Given information -
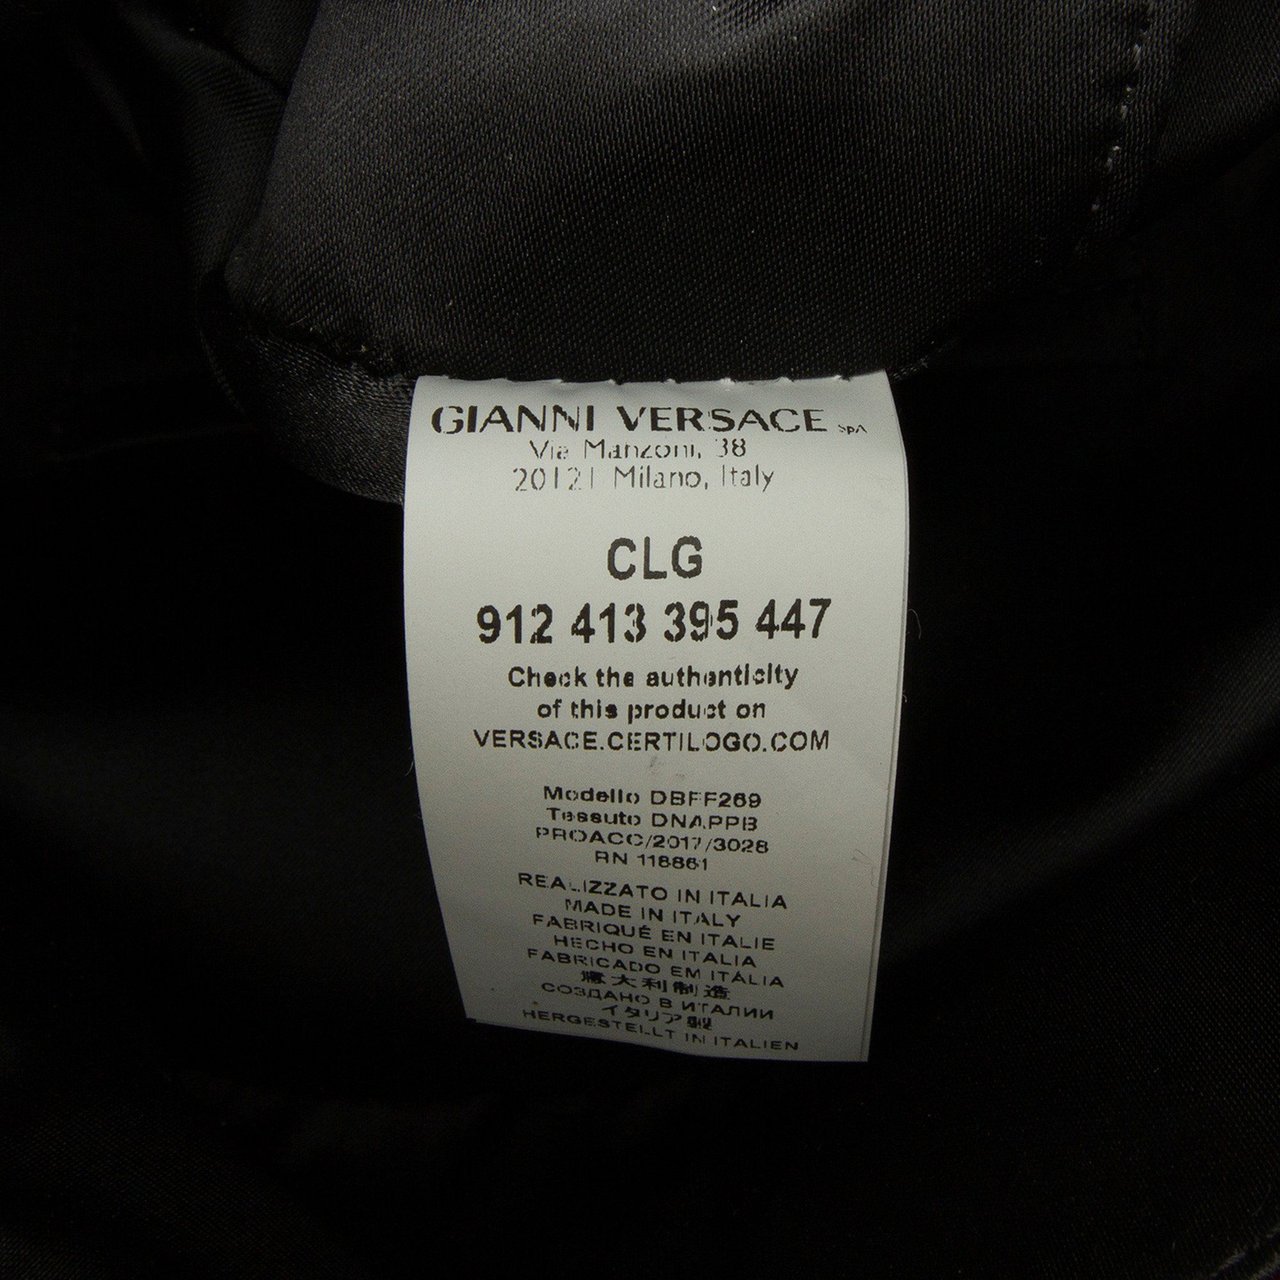 Versace Medusa Studded Backpack Rood
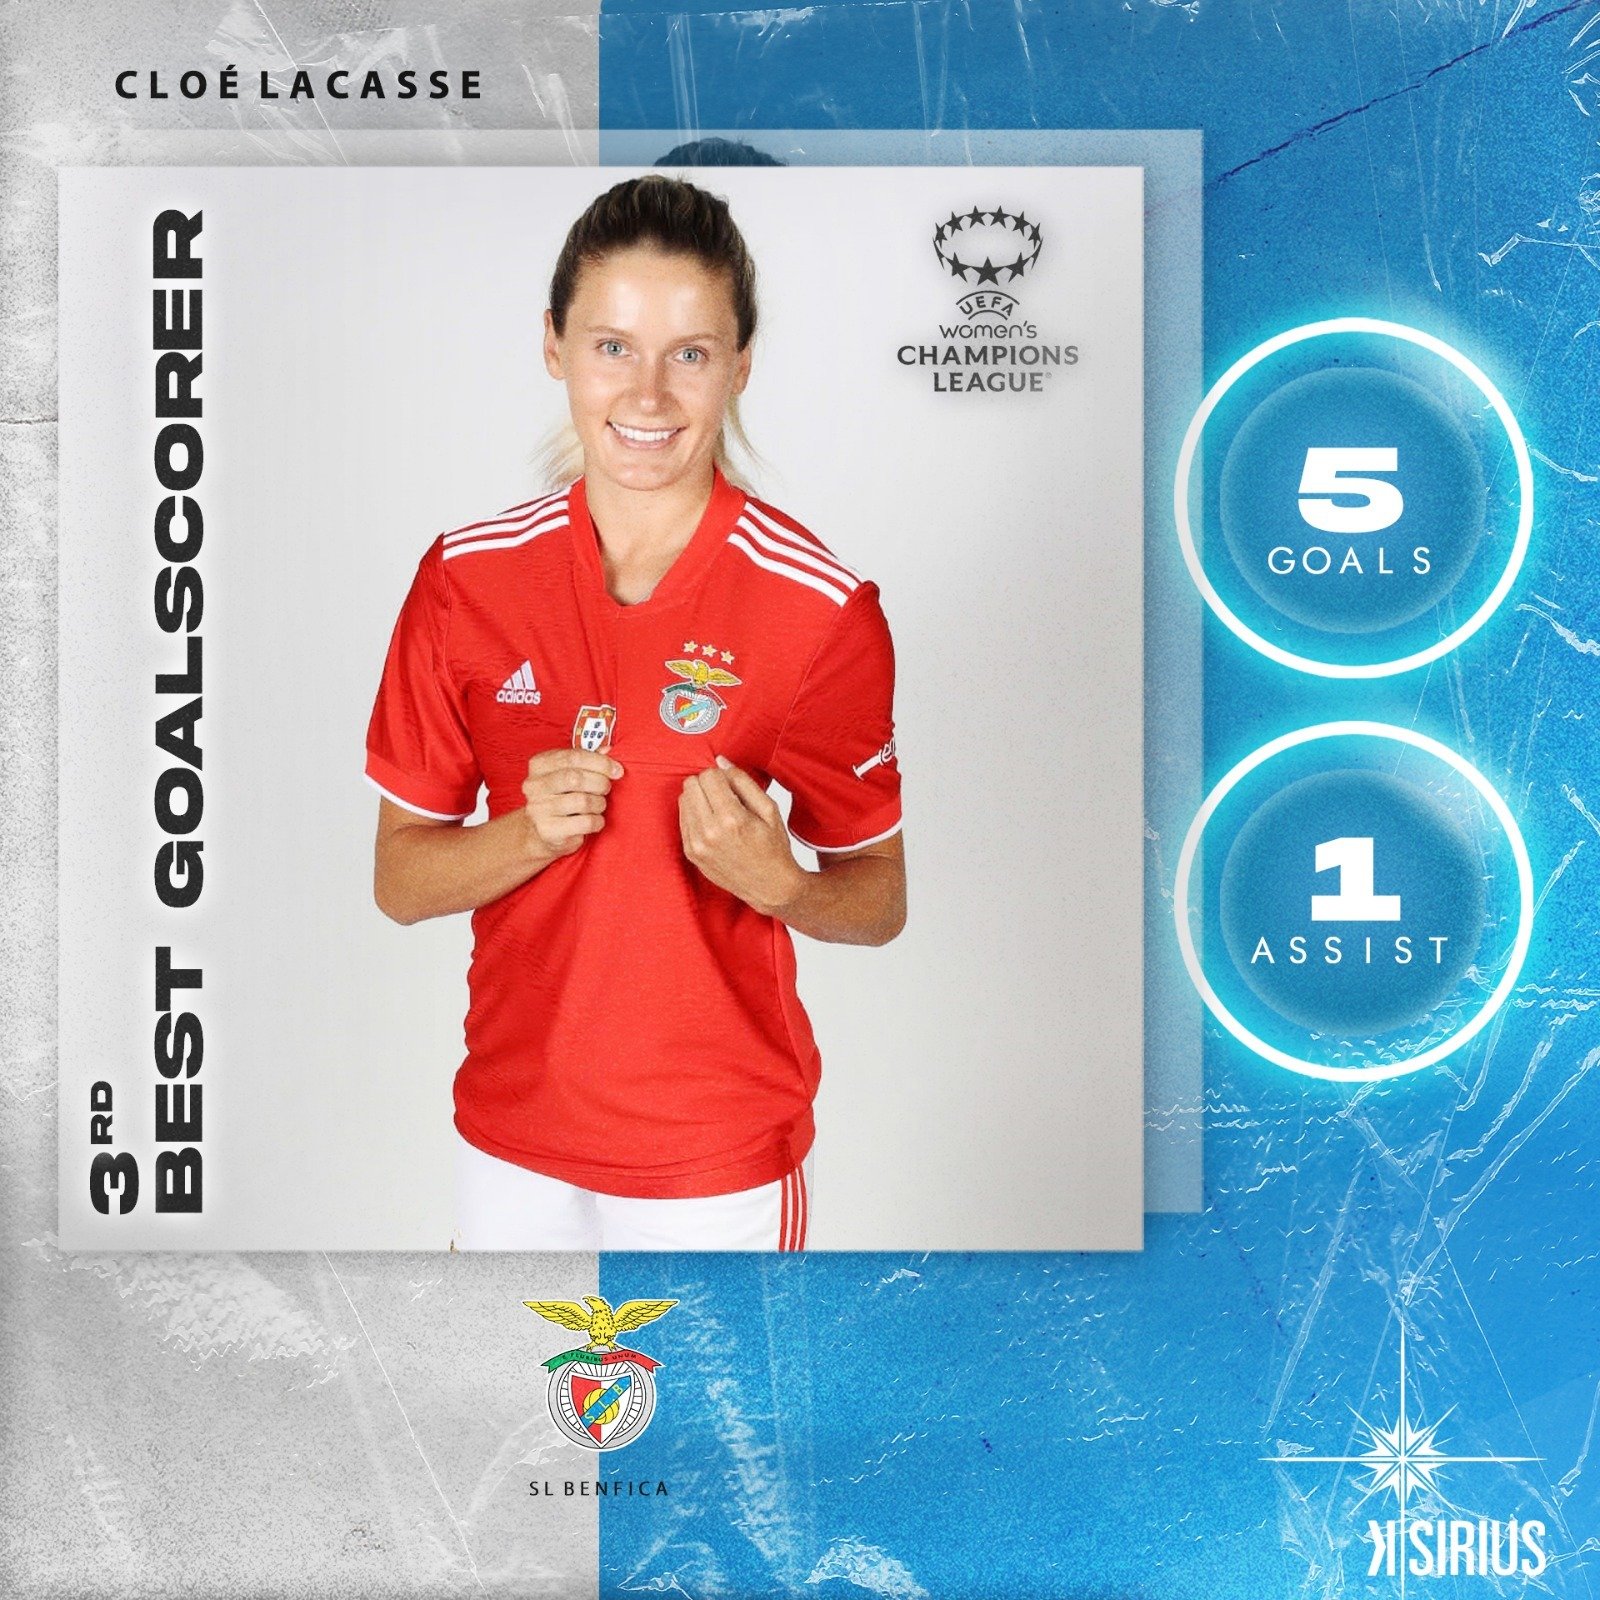 3rd Best Goalscorer: Cloé Lacasse (SL Benfica)
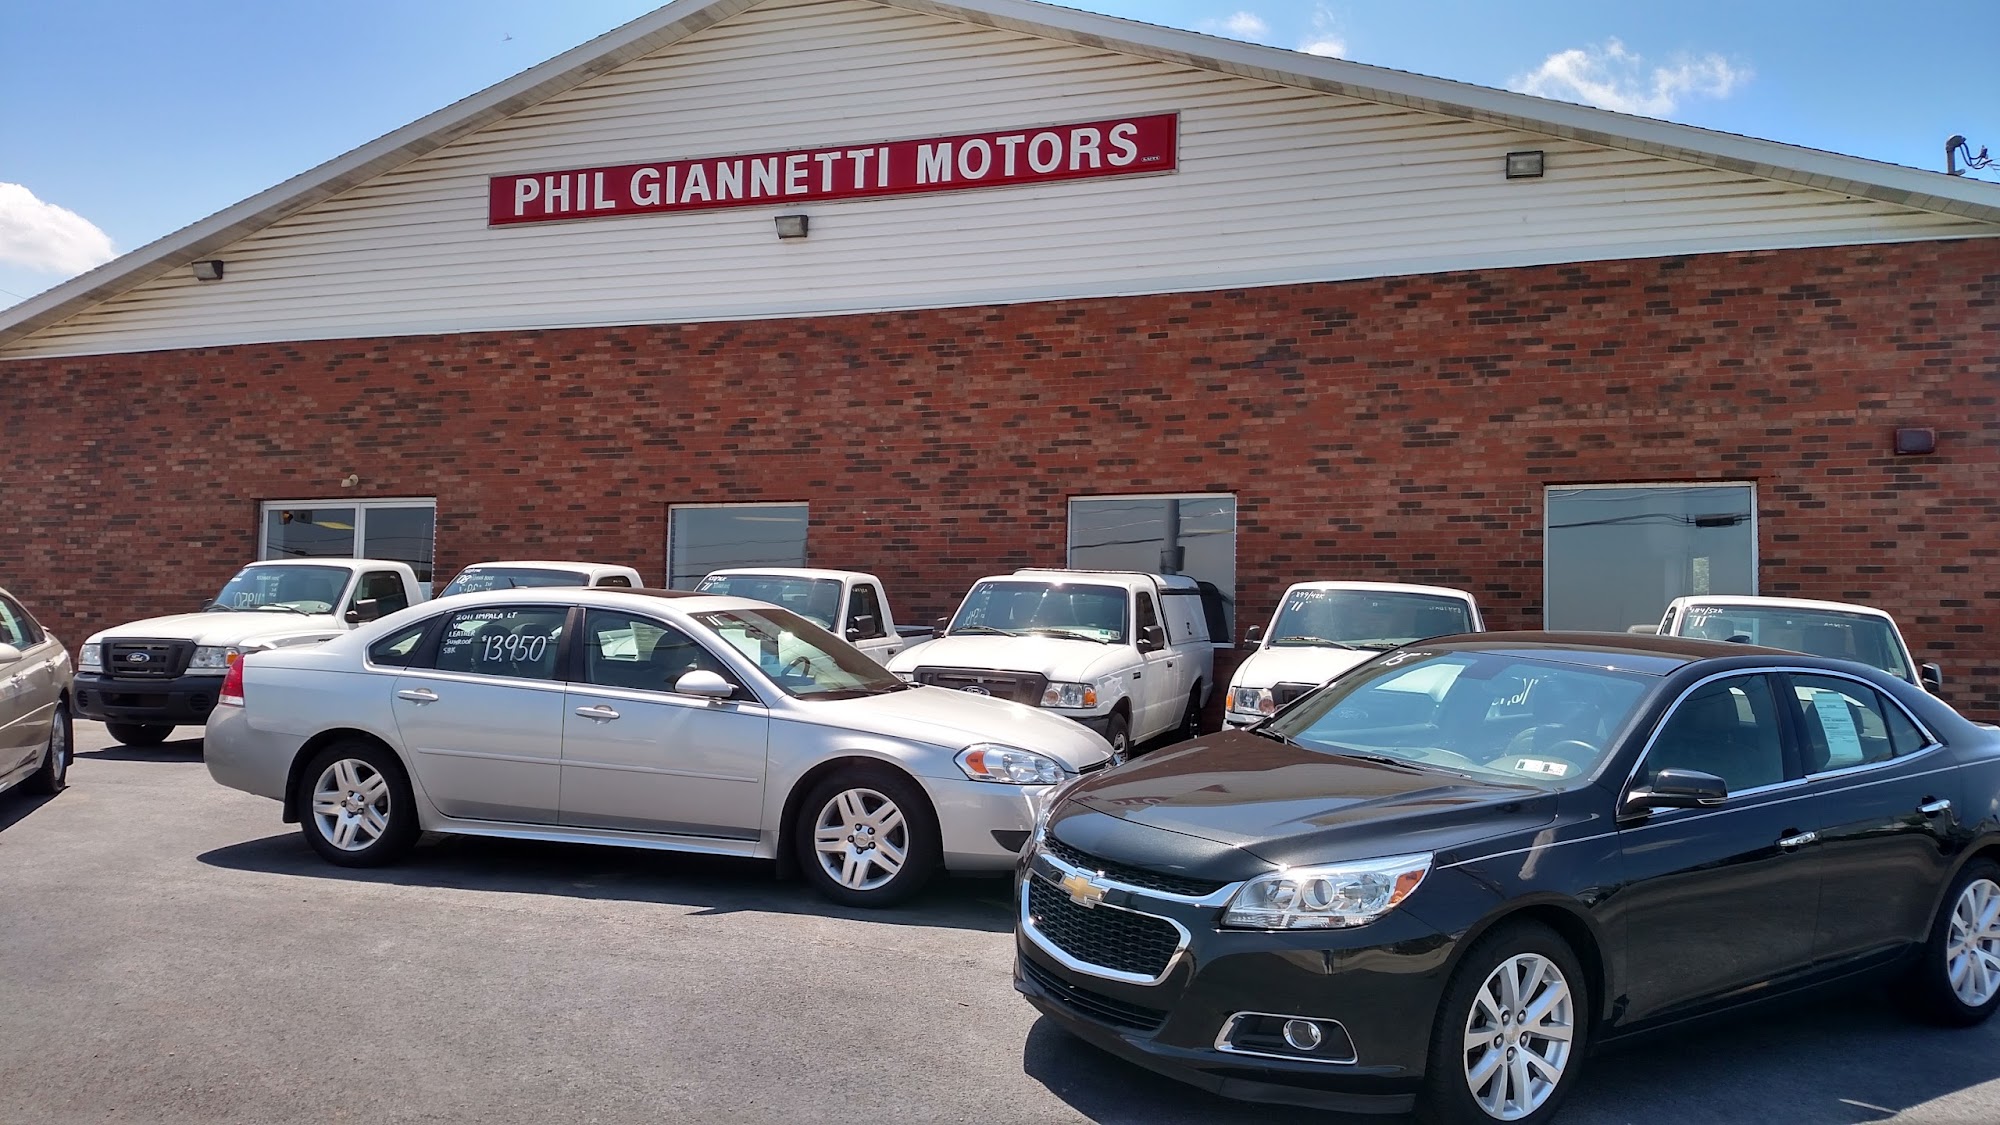 Phil Giannetti Motors

Directions for this task -
Could you give back the full listing word for word, leaving out the images?

Result -
 Versace Medusa Studded Backpack Rood
 3rd Best Goalscorer: Cloé Lacasse (SL Benfica)
 Phil Giannetti Motors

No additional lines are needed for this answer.